This leadership change follows the tenure of Jean-François Palus, who stepped in as Gucci's CEO in July 2023 during a challenging period for the brand. Palus's role was intended to be transitional, focusing on stabilizing the company, setting strategic priorities, and recruiting key talent—including his own successor. After concluding his duties at Gucci, Jean-François Palus is expected to return to his role as Managing Director at Kering, continuing to contribute to the group's overall strategy and operations.

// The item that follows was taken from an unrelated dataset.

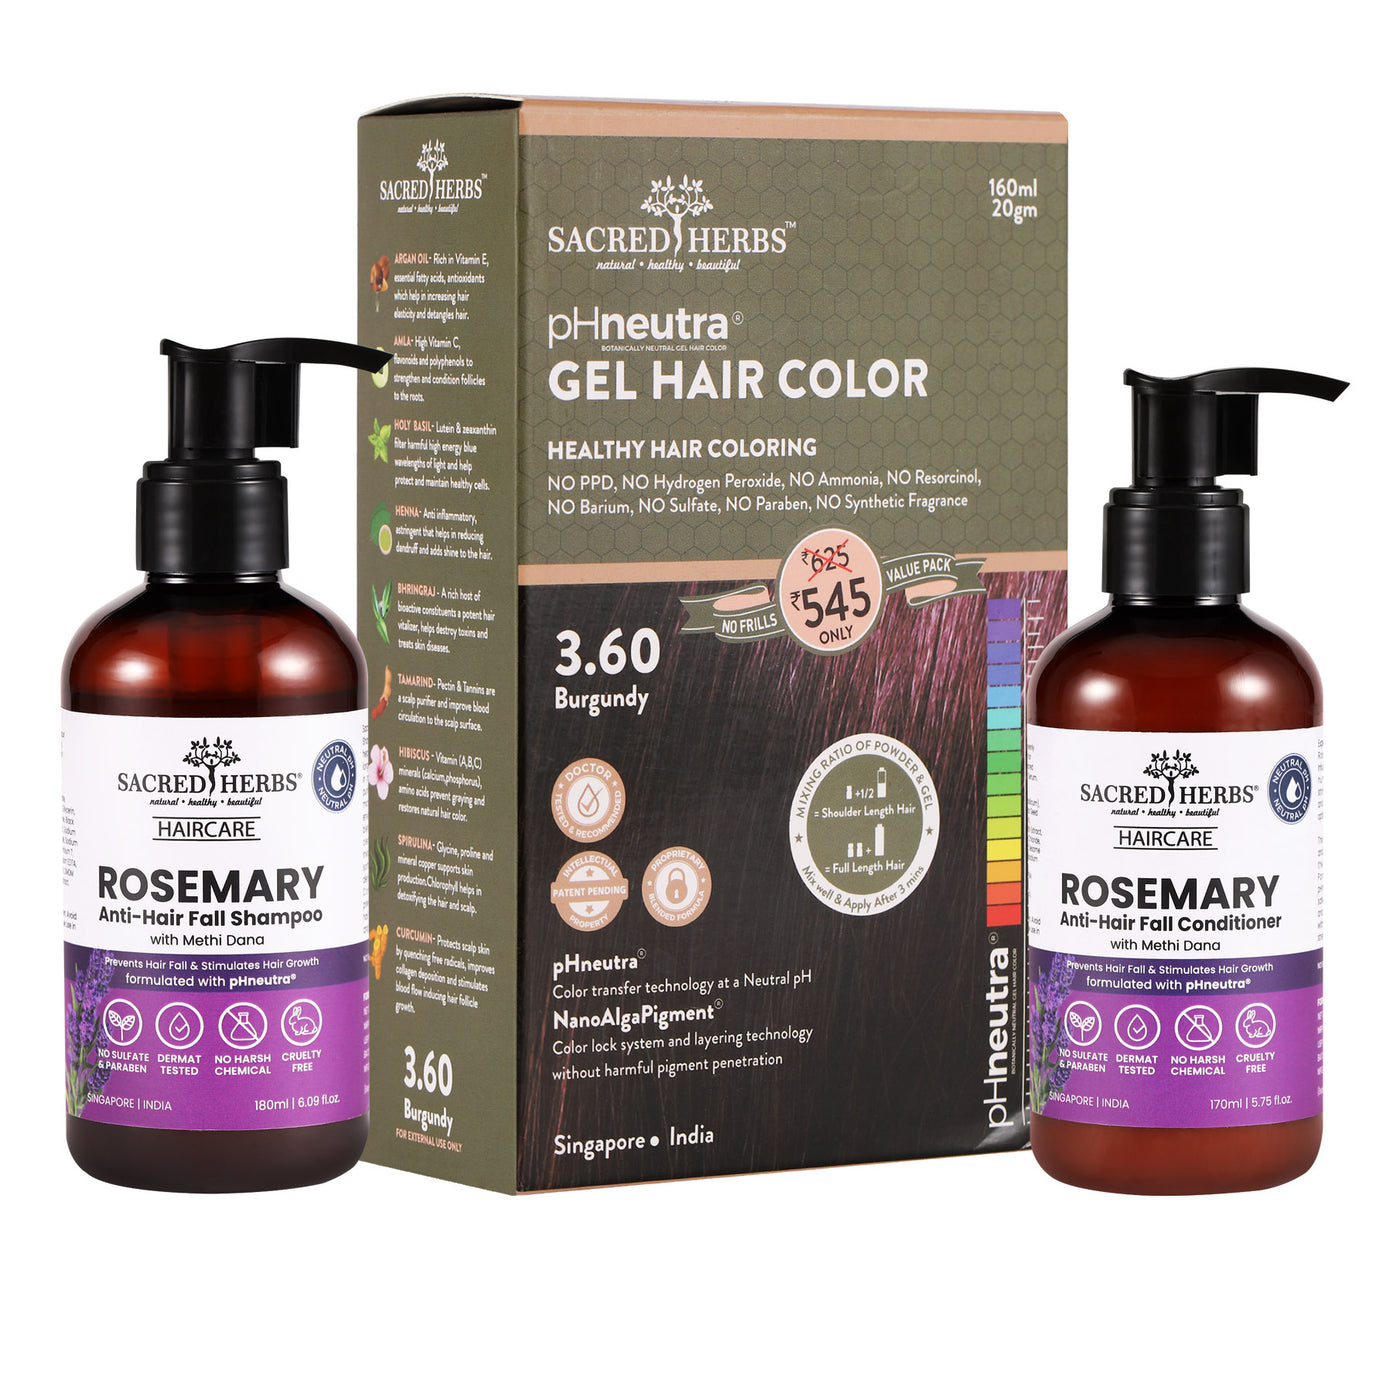 Rosemary Methi Dana Hair Care : Complete Hair Color Value Pack
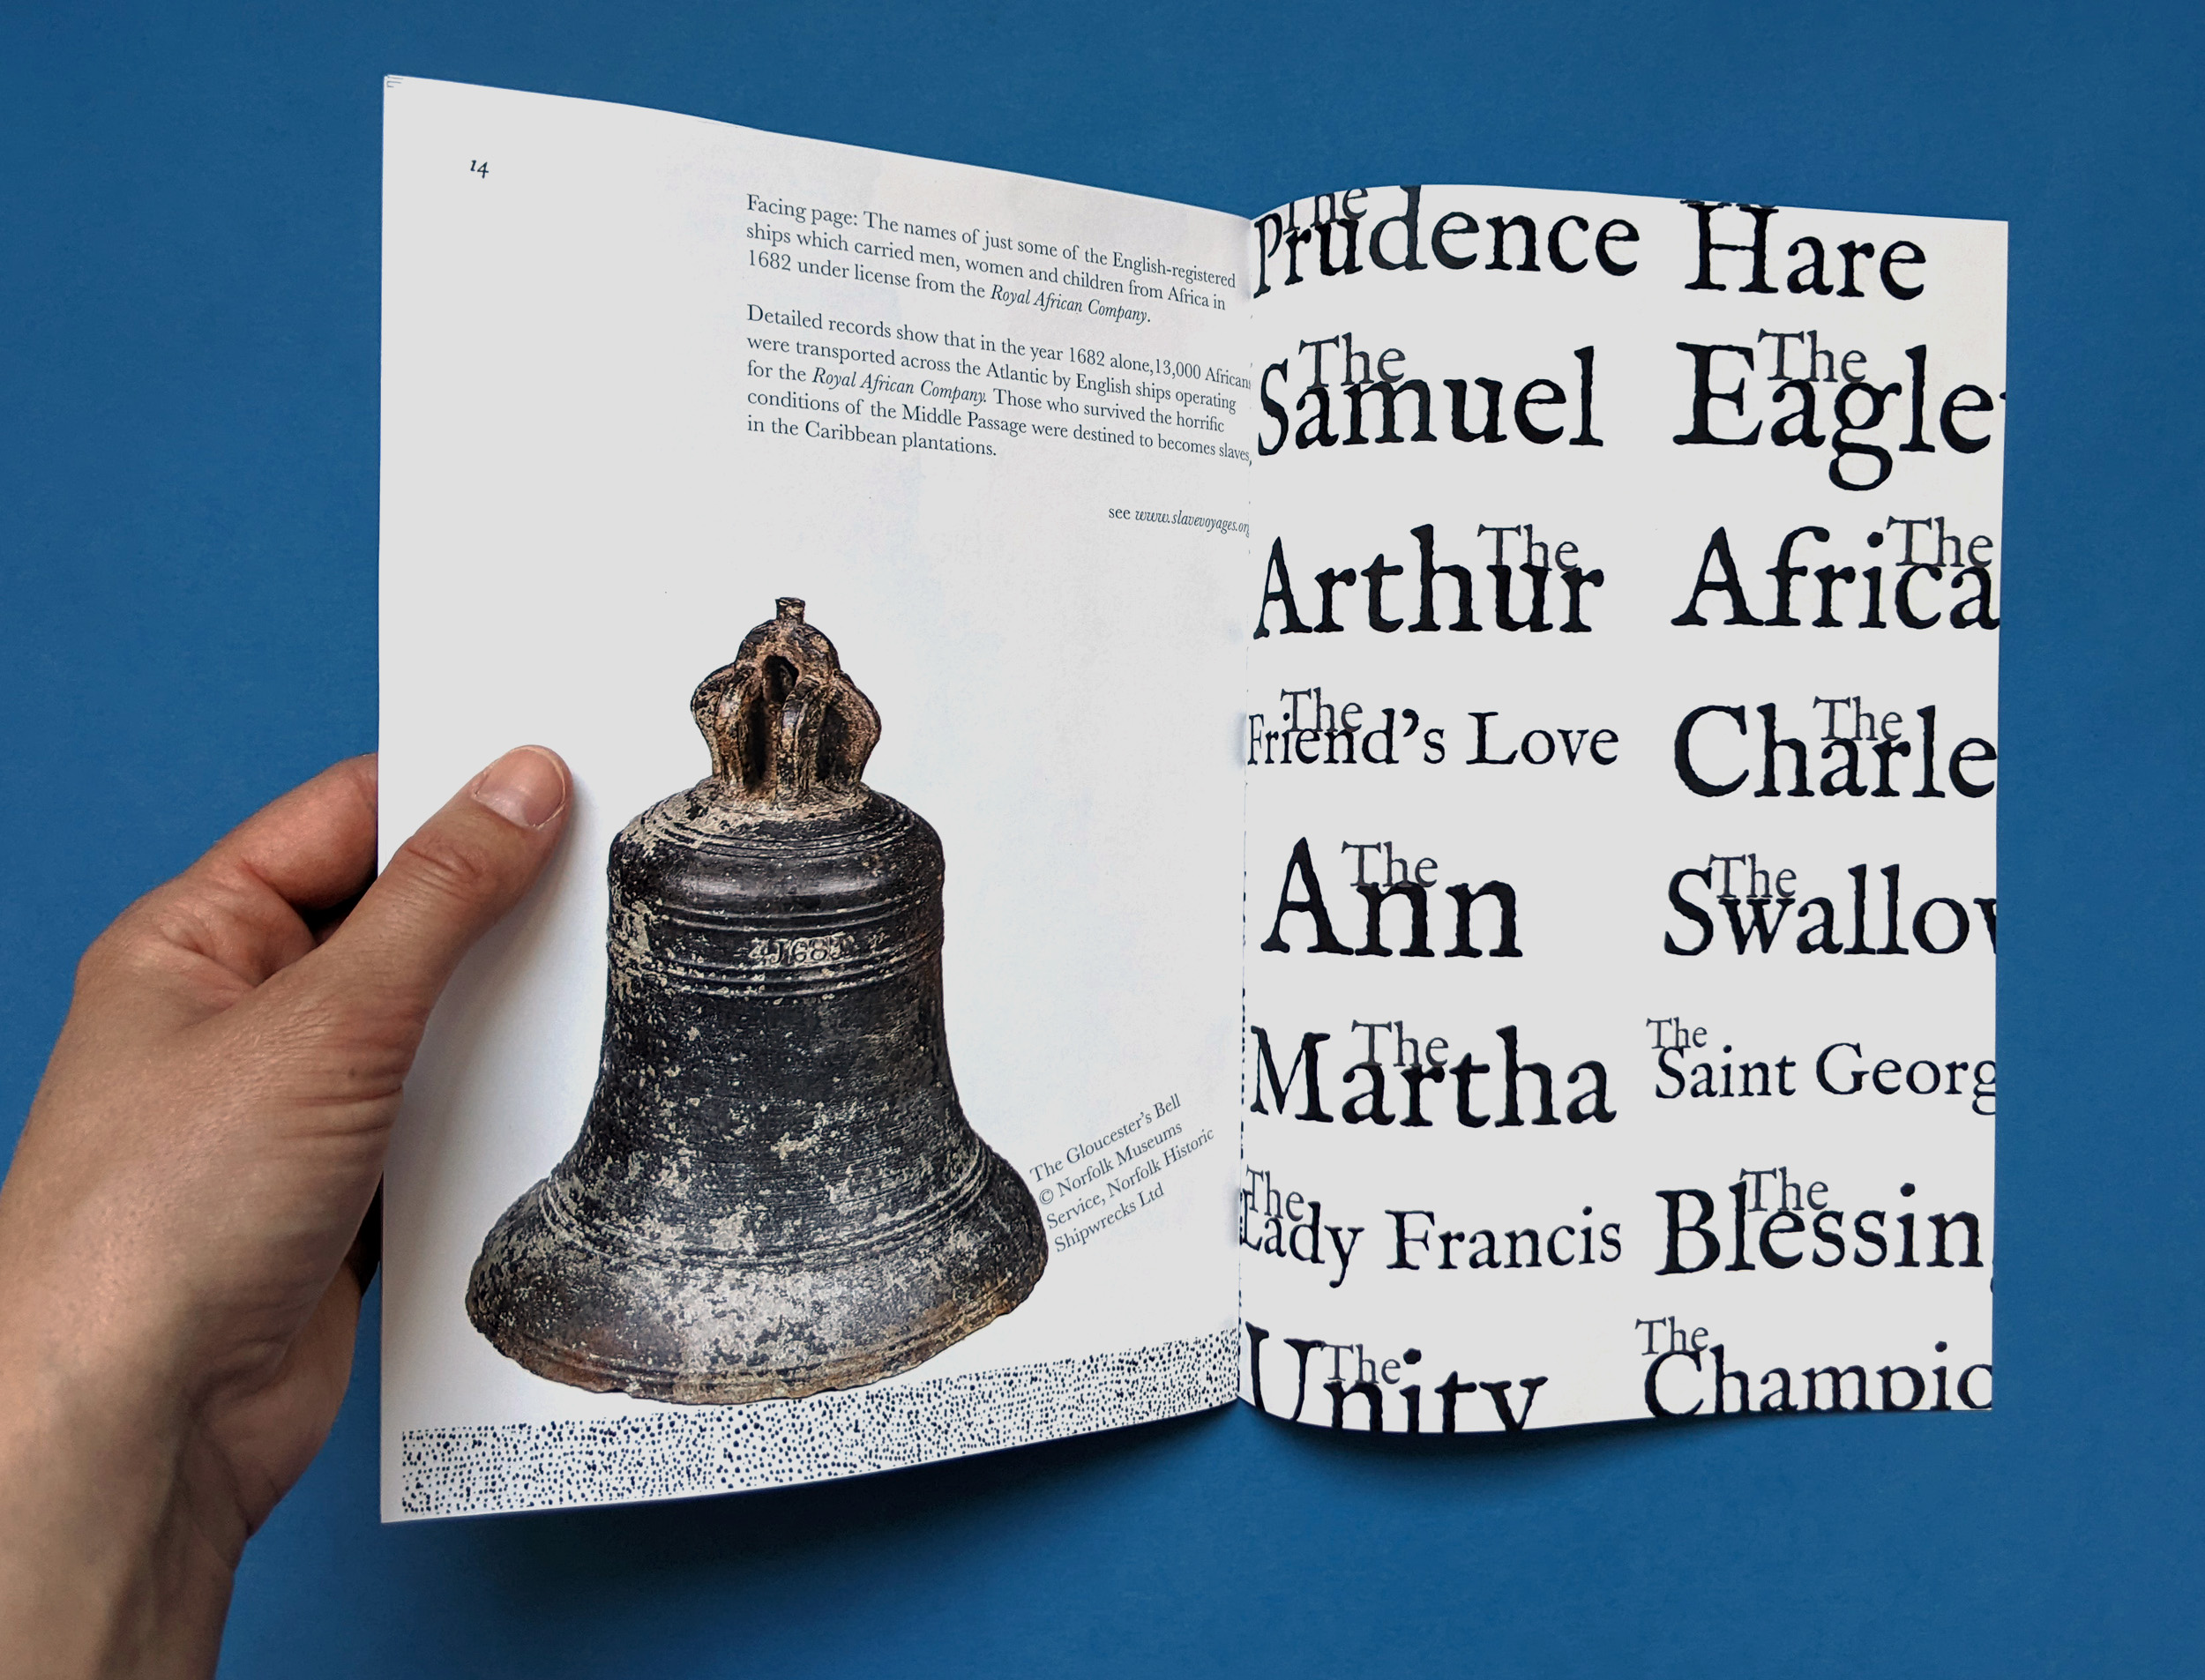 An A6 zine is open to the final double page spread, which shows a photograph of the original ship’s bell recovered from the Gloucester shipwreck opposite the names of ships operated by the Royal African Company in the year the ship sank.

In 2024, Kering's share price dropped nearly 40%, reducing its market value to €29.31 billion. This sharp decline reflects investor concerns over the company's performance, largely influenced by the struggles of its flagship brand, Gucci.
Gucci, which contributes almost half of Kering's revenue, has faced a substantial drop in sales starting in 2023. The first half of 2024 was particularly challenging, with revenue declining by 20% year-on-year. The most significant decrease occurred in the Asia-Pacific region (excluding Japan), where sales fell by 30% on a comparable basis.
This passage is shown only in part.